Chaos is a ladder.
We will explore basic fault and event injection to understand how a simple service responds to different events. To faciliate this workshop, we will run a service in a single docker container, so we have better ability to control resources.
This workshop will be a bit more exploratory than some of our other workshops, so this will be a good chance to practice using Docker.
We will need to build the Dockerfile to setup up the environment with our chaos tools and scripts.
-
Build the Dockerfile and tag it chaos-workshop.
-
Run a container and explore the contents.
-
Start a new container and run the cat facts server.
docker run --cap-add=NET_ADMIN -p 3000:3000 --name cats -d chaos-workshop node main.js
Inside the /chaos directory, we will find several
Many of the scripts use traffic control, an advancd tool for setting networking policy. For example, running this will corrupt 50% of packages.

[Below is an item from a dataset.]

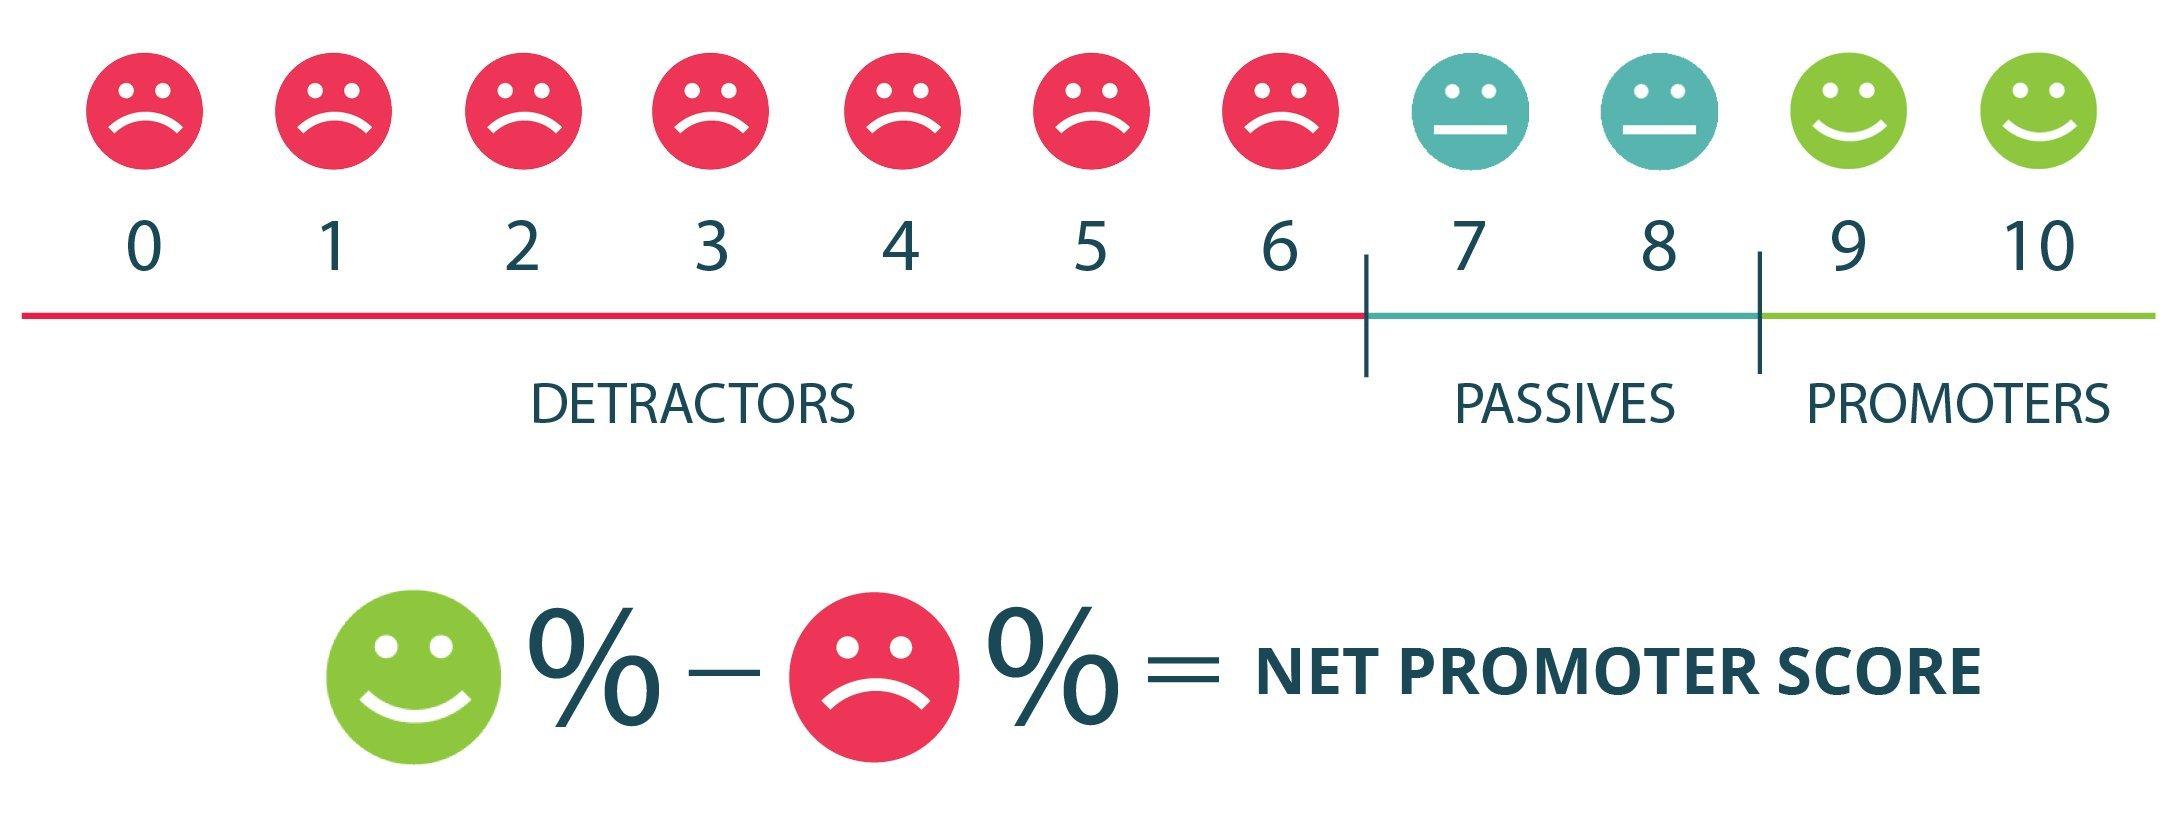 Net Promoter Score - NPS

tc qdisc add dev eth0 root netem corrupt 50%
- Use
docker exec
to create a bash command to connect to running service. - Execute scripts in /chaos.
- Observe and note any effect on the running service.
- Gather some simple timing measures (can use:
time curl localhost:3000/catfact/101
).
By default a Docker container allocates unlimited cpu and memory. Try limiting the available cpu and memory settings with running the container. You can use these parameters:
--cpus=".5"
-m 8m
Most of these options take a positive integer, followed by a suffix of b, k, m, g, to indicate bytes, kilobytes, megabytes, or gigabytes.
How could you extend this workshop to collect more measures and devise an automated experiment to understand which event/failure causes the most problems?